Is a business the separate property of one spouse?

On Behalf of | Aug 27, 2024 | Property Division

Some people start businesses after getting married. They invest marital income in the company and may even rely on the unpaid work of their spouse to get the company off the ground. If they later divorce, their business is likely part of the marital estate. They may have to divide it in accordance with property division statutes.

Other times, business owners may believe that the company could be separate property. Perhaps they already owned the business before they got married, or maybe they inherited the business from a family member. Assets owned prior to marriage are usually separate property. The same is generally true of assets received as gifts or inheritances. With that said, businesses, given their complex nature, can be difficult to preserve as separate property without a written agreement and careful financial separation.

Commingling is a common issue

Separate property can end up included in the marital estate whenever commingling occurs. Commingling could involve giving a spouse access to separate resources or legally adding their name to ownership documents.

Commingling might also involve using marital resources for the maintenance or improvement of separate property. Even the sweat equity or unpaid work provided by a spouse at a business might potentially give them a partial interest in the organization.

Small companies and professional practices are vulnerable during divorce if the owner does not have an airtight prenuptial agreement or has very carefully ensured that they do not use marital resources for business purposes. In the vast majority of cases, any investment of resources in the business after beginning the marriage could lead to claims of commingling if the spouses eventually divorce.

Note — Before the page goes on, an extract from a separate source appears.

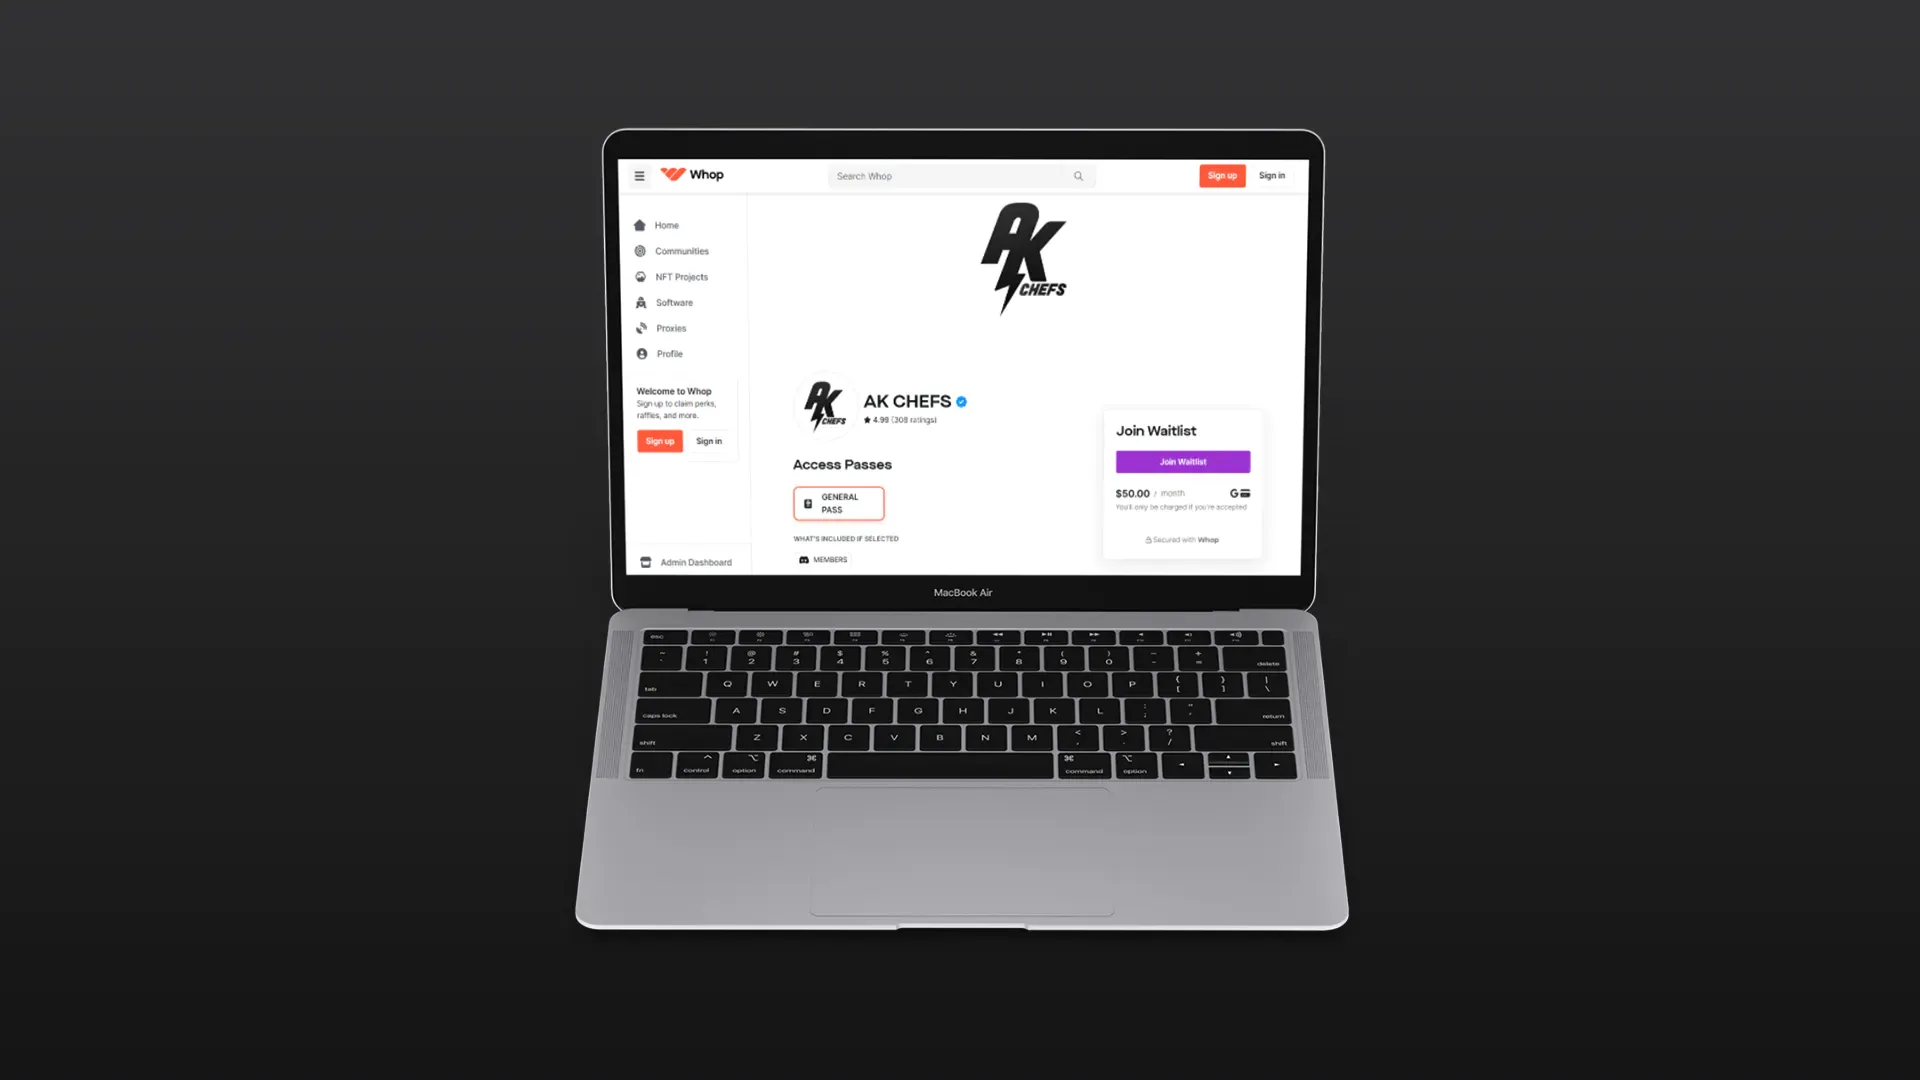 AKCHEFS reselling discord server
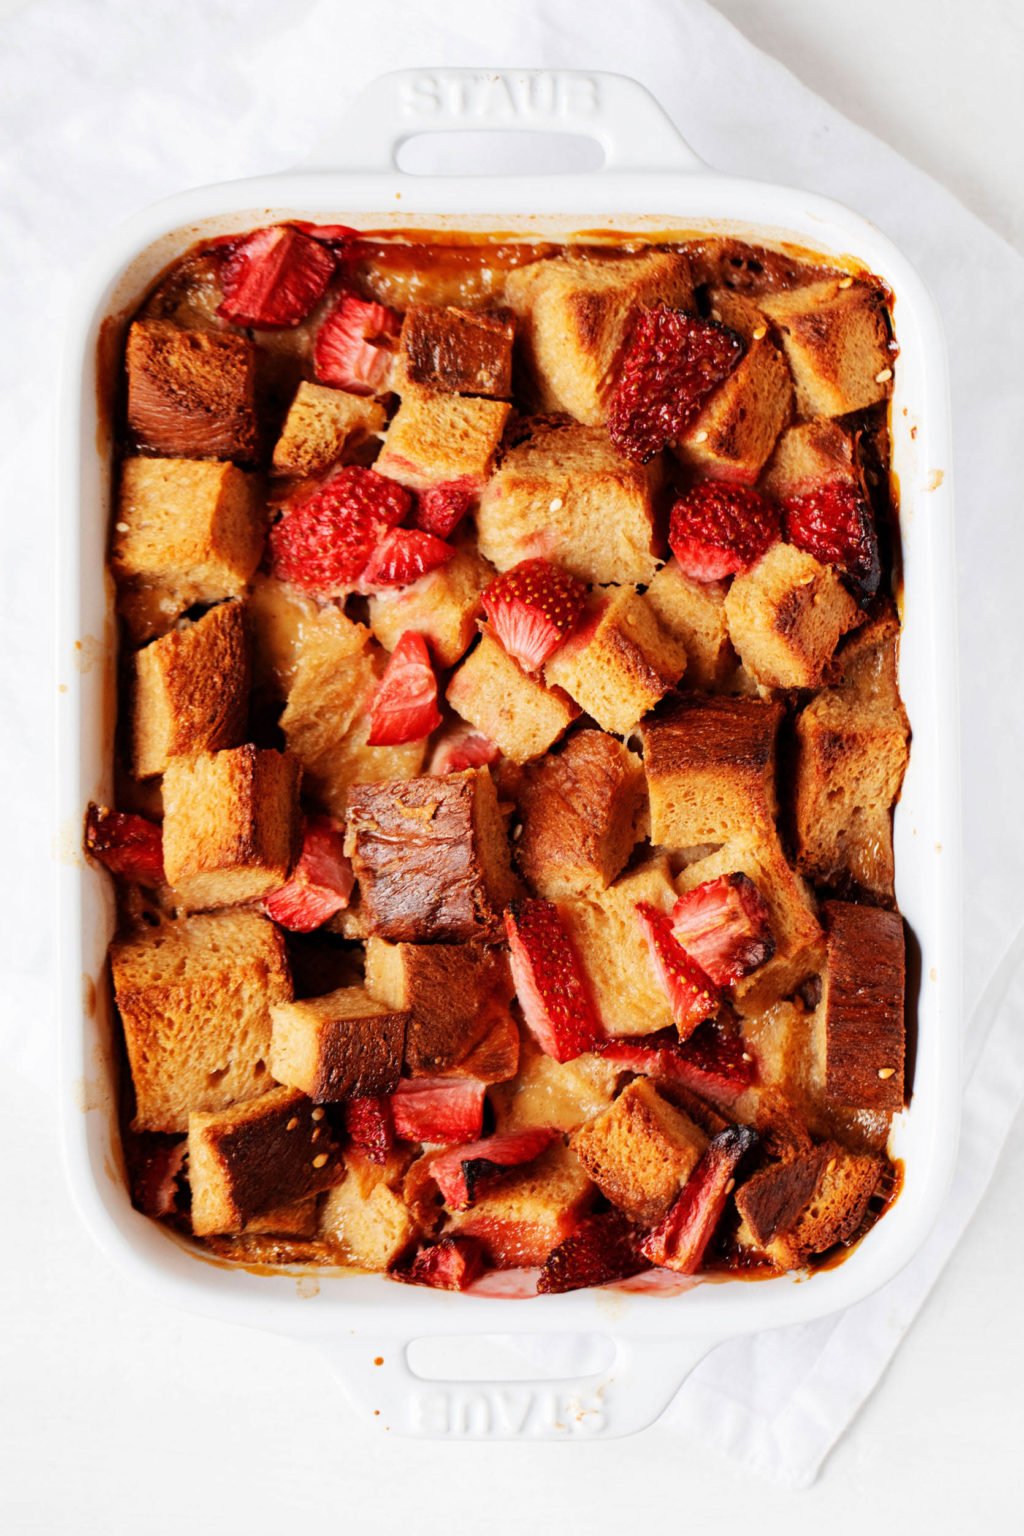 A rectangular, white baker holds a dish of baked French toast and strawberries.

Thankfully, business owners can potentially protect their business investments from major losses. A thorough financial review can help a business owner establish that a significant portion of the company’s value is their separate property. Negotiating a settlement directly with a spouse can help eliminate the risk of dividing the company’s ownership or otherwise diminishing its value during the divorce process.

Individuals with complex assets may need help as they prepare for an upcoming divorce. Understanding that a business is often, at least partially, marital property can help business owners better prepare themselves for the process ahead.